フロランとアルもその要請に便乗して行くつもりだった。ちゃっかりマドレーヌも一行に混ざっていた。
「マリアンヌ用に雪角を沢山とってマントとマフと帽子にしてもらうんだ」
と張り切っている。雪角ウサギの毛皮はかなり軽く、体力のない子供や女性や老人に人気があった。
「じゃ、俺はおばあ様にって言いたいけど」
フロランの目線の先には祖父の姿があった。マドレーヌとフロランはなにか黒い靄をみたら即エリクに報告すること、とエリク宛の手紙用の石を持たされた。
『回数を考えて石の値段と耐久性などを考えてこちらにしました』
そして二人にこっそりと耳打ちする。
「私が改造した特別製の石です。貴方達に危険があれば私に居場所がわかるのですぐに転移していきますね」
そして二人のマジックバッグを開けさせてなにかをしながら石を入れた。
「これで勝手にどこかに飛ばされても私が追跡できます。アル殿下やマドレーヌ嬢みたいな事があっても大丈夫」
エリクはにっこり笑った後、真顔になった。
「なのでお二人のうちどちらかはアル殿下と常に一緒に居てください。……あっちはあっちで対策を取っていますがね」
エリクの言葉通り、アルはアルで貰ったものがあるという。
「これ守護者様の匂いがするってうちの精霊が小躍りして喜んでるんだけど」
「ああ、大当たり。これは」
銀と緑が入り混じった葉っぱ型のペンダントだった。裏には王太子のしるしである黒百合の印が刻まれている。元の黒百合の印はアルが父親である陛下に渡した、『ふさわしい人間にふさわしい時に渡してください』と。
このアルが貰った石は守護者がアルの位置をいつでも把握できるものだった。あとは全大精霊の力も宿っているとフロランの精霊が言っているらしい。

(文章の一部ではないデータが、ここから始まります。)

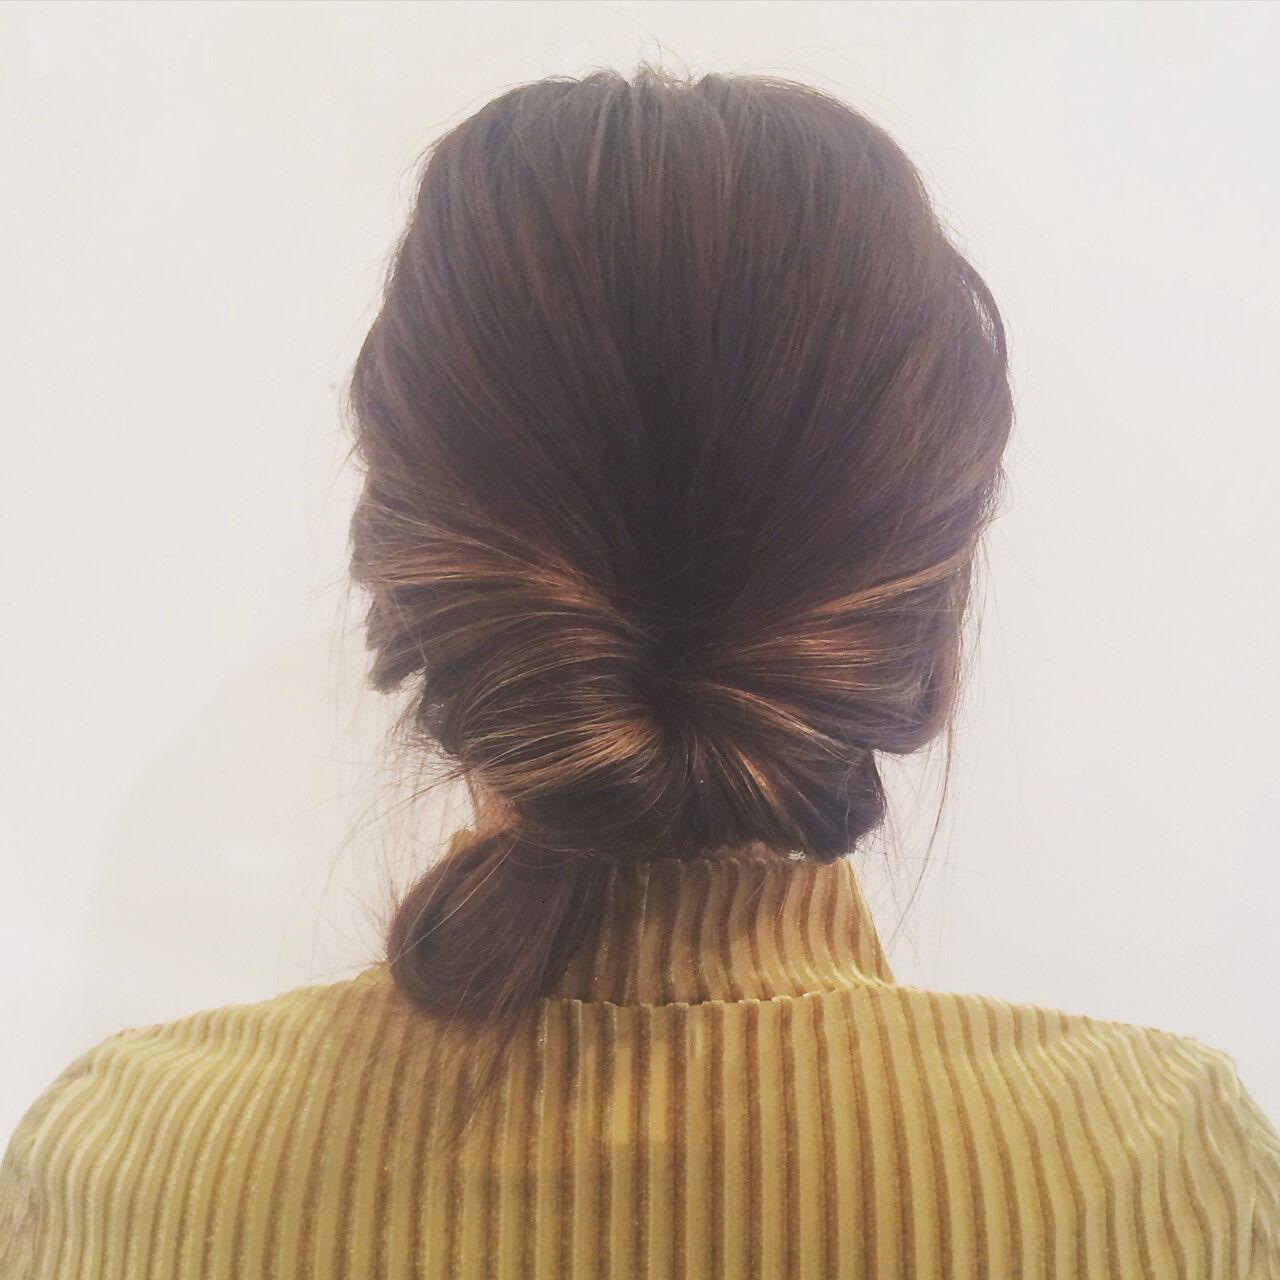 ミディアム ストリート ヘアアレンジ ハイライトヘアスタイルや髪型の写真・画像

「そう。全属性の大精霊様たちも俺を追跡できるようになってるみたいだな。……精霊はどこにでもいるからどこに飛ばされても捜しだせるらしい」
フロランが頷く。
「精霊の一人ひとりの力は強いとは言い難いけど、その土地の力を借りられるので」
今回はフロランとアルとエディは雪豹班、マドレーヌと祖父は雪角ウサギ班、ロゼは医療班、となった。ロゼの『声』と風の精霊の力を借りて全域に伝令を伝えられる力を本部に買われたらしい。本部には北の侯爵、アーノルド・アルバート侯爵、グランサニュー公爵夫妻が詰めている。
「各班一日のノルマを狩ったら、余剰分は好きにしていいぞ。これからの時期、どちらの魔獣も毛皮が良く売れるからな」
ギルドから来ている取りまとめ役が大笑いをして冒険者たちに告げる。アルバート家の庭には簡易解体所もできてなにかお祭りの様相も帯びていた。
フロランとアルもその要請に便乗して行くつもりだった。ちゃっかりマドレーヌも一行に混ざっていた。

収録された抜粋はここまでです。